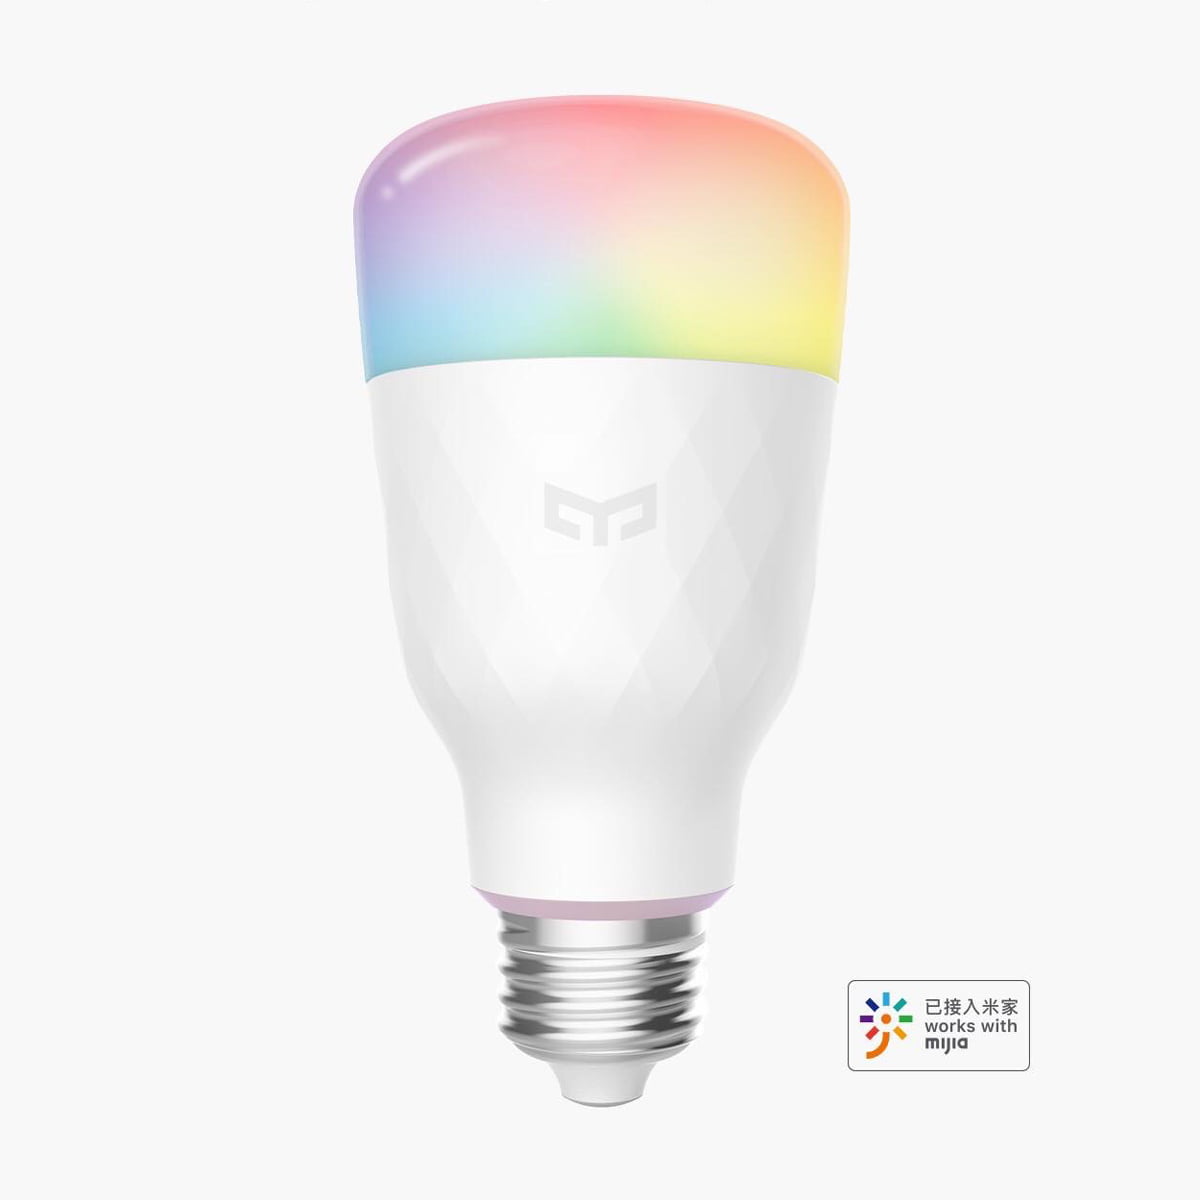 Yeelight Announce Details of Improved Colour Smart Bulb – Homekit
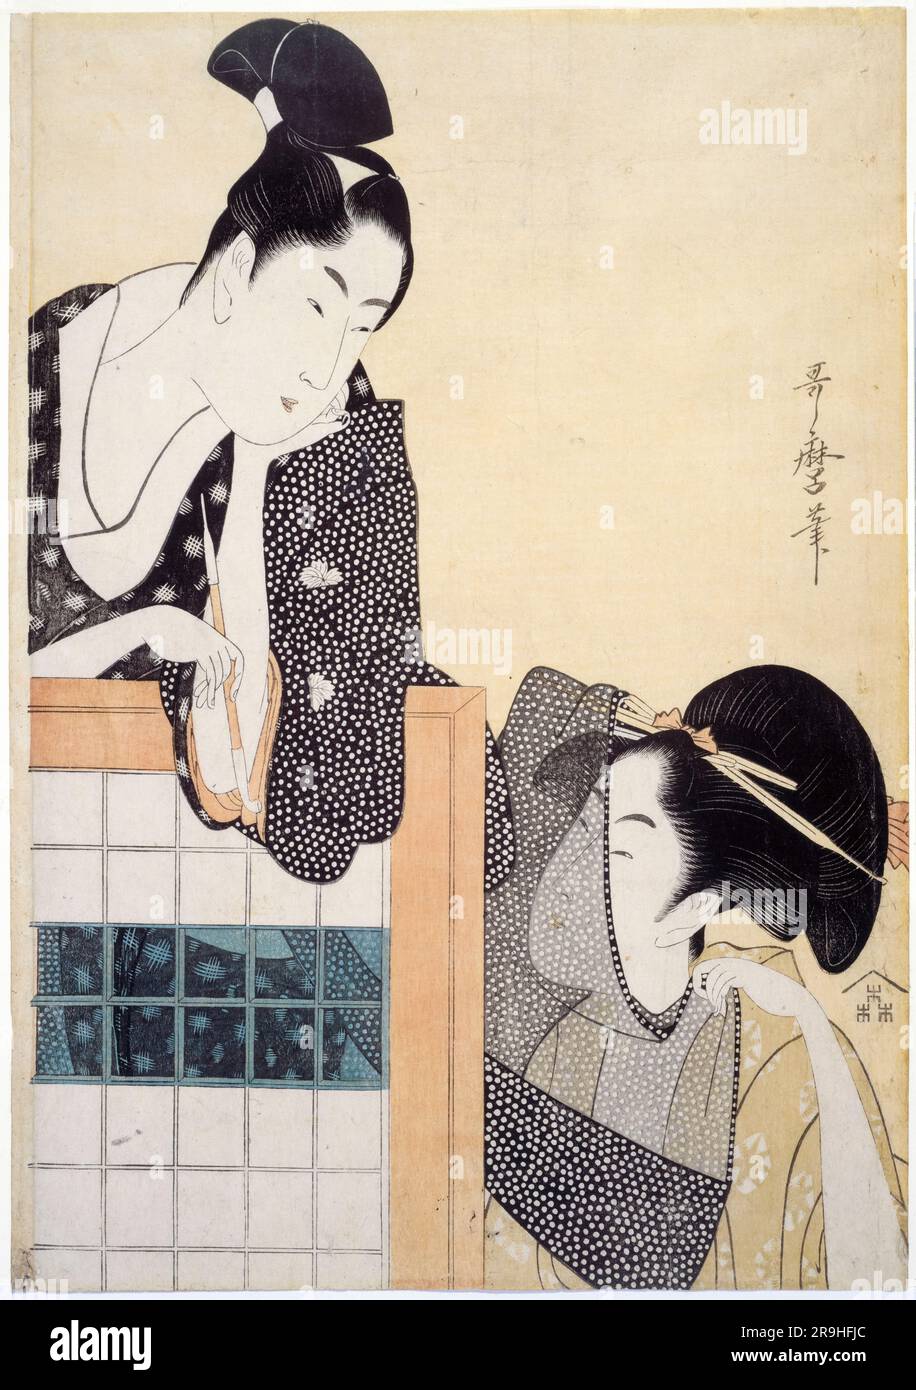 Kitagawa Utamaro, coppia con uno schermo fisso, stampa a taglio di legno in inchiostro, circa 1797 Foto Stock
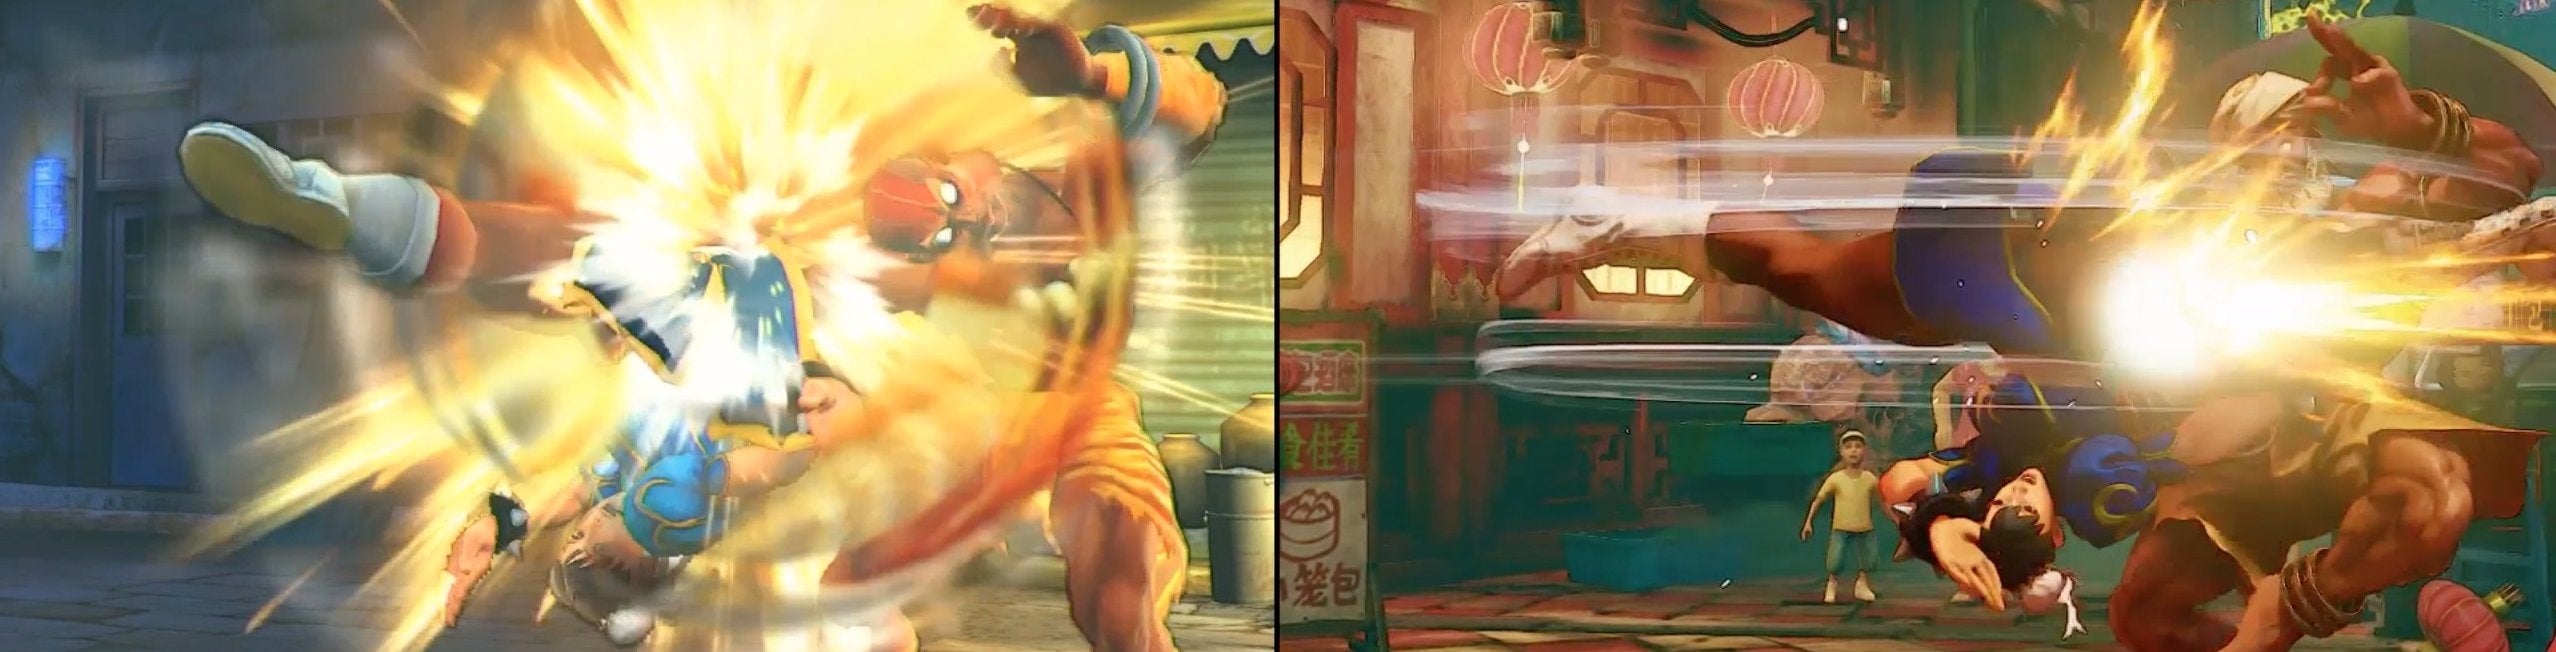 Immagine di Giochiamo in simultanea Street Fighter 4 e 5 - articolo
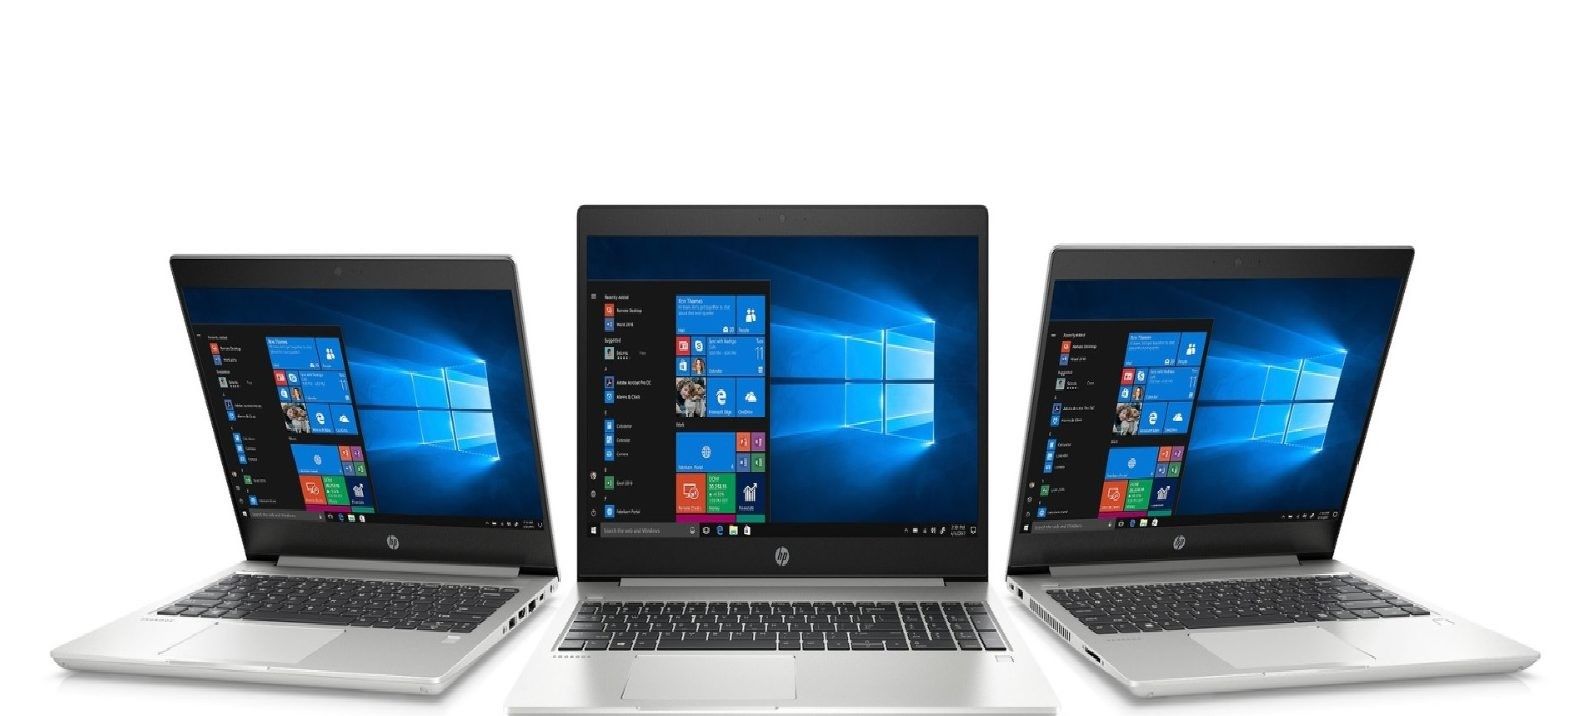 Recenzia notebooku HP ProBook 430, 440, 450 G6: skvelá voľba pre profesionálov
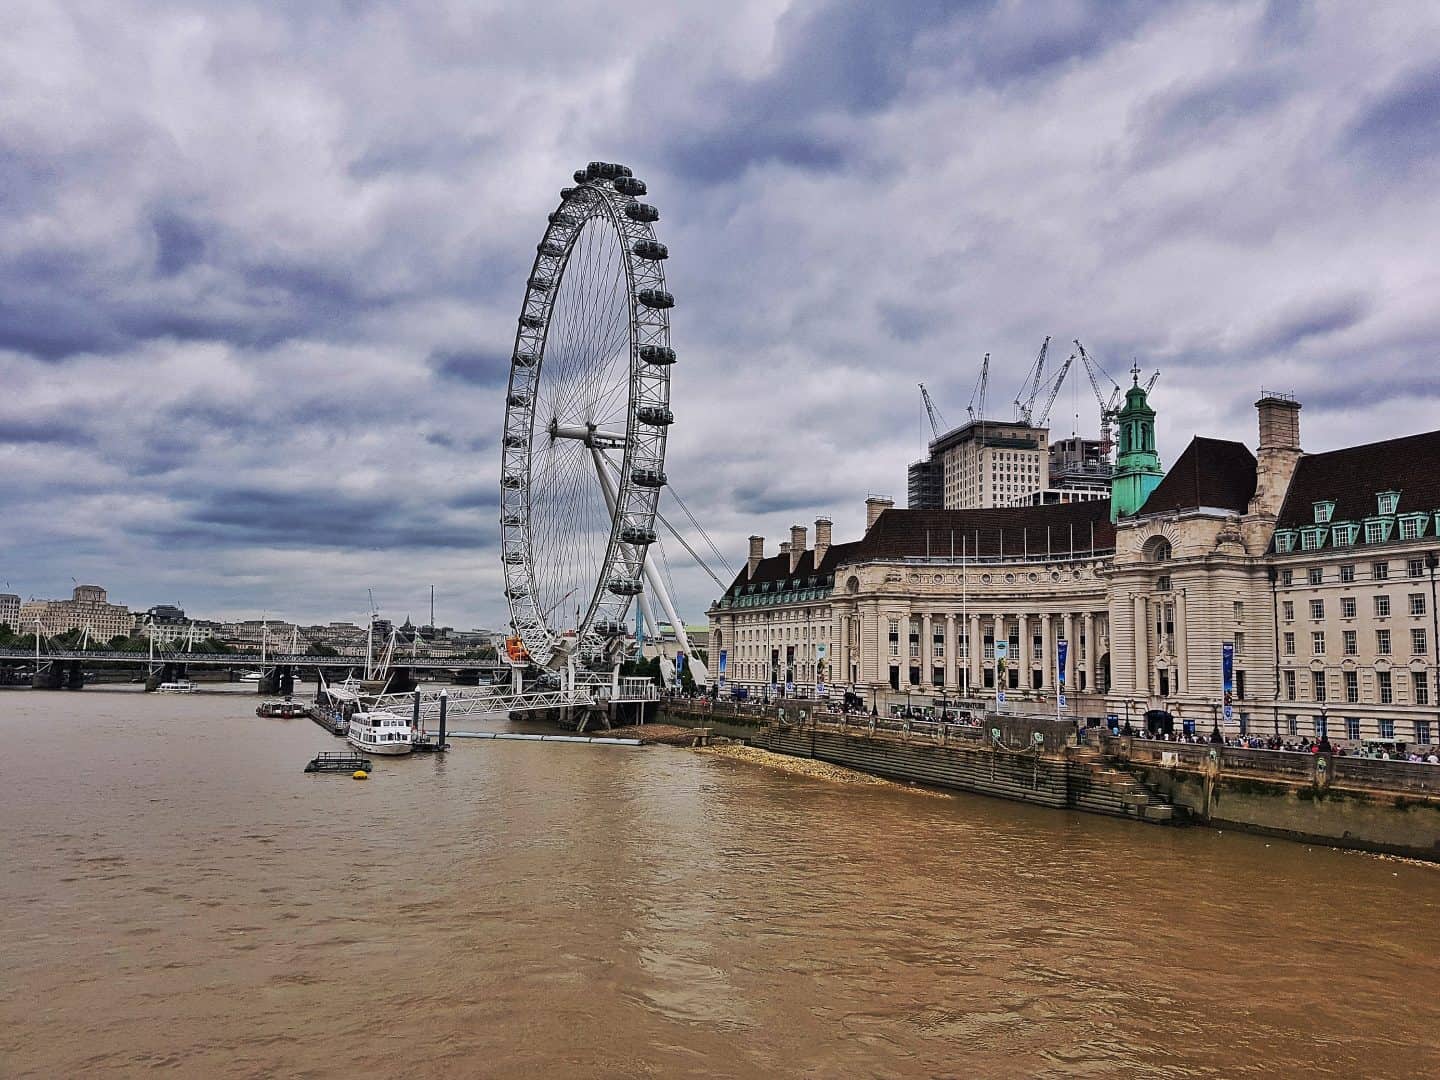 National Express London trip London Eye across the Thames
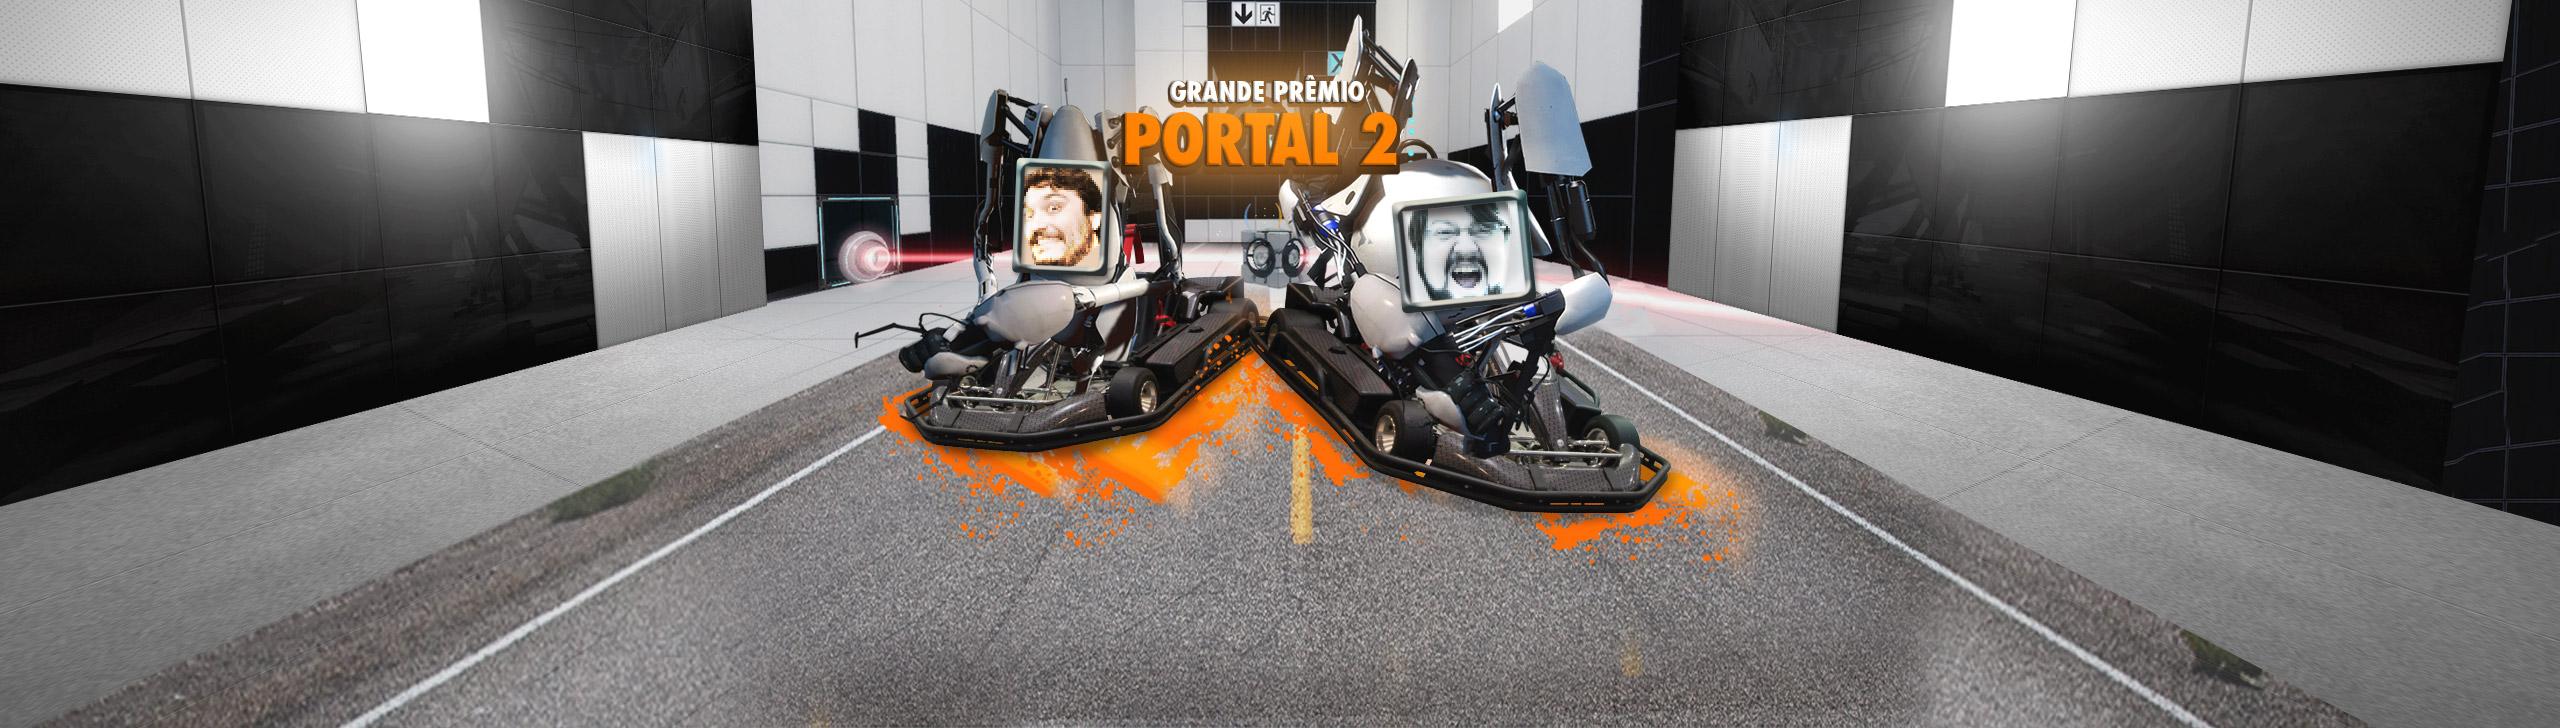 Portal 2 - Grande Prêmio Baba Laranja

-------------------------

_Problem_. Only an exact copy belongs in the answer: the lines from the one containing "Immagine di Giochiamo" through the end of the records, both ends included, minus the pictures.

_Expected answer_.
 Immagine di Giochiamo in simultanea Street Fighter 4 e 5 - articolo
 Recenzia notebooku HP ProBook 430, 440, 450 G6: skvelá voľba pre profesionálov
 National Express London trip London Eye across the Thames
 Portal 2 - Grande Prêmio Baba Laranja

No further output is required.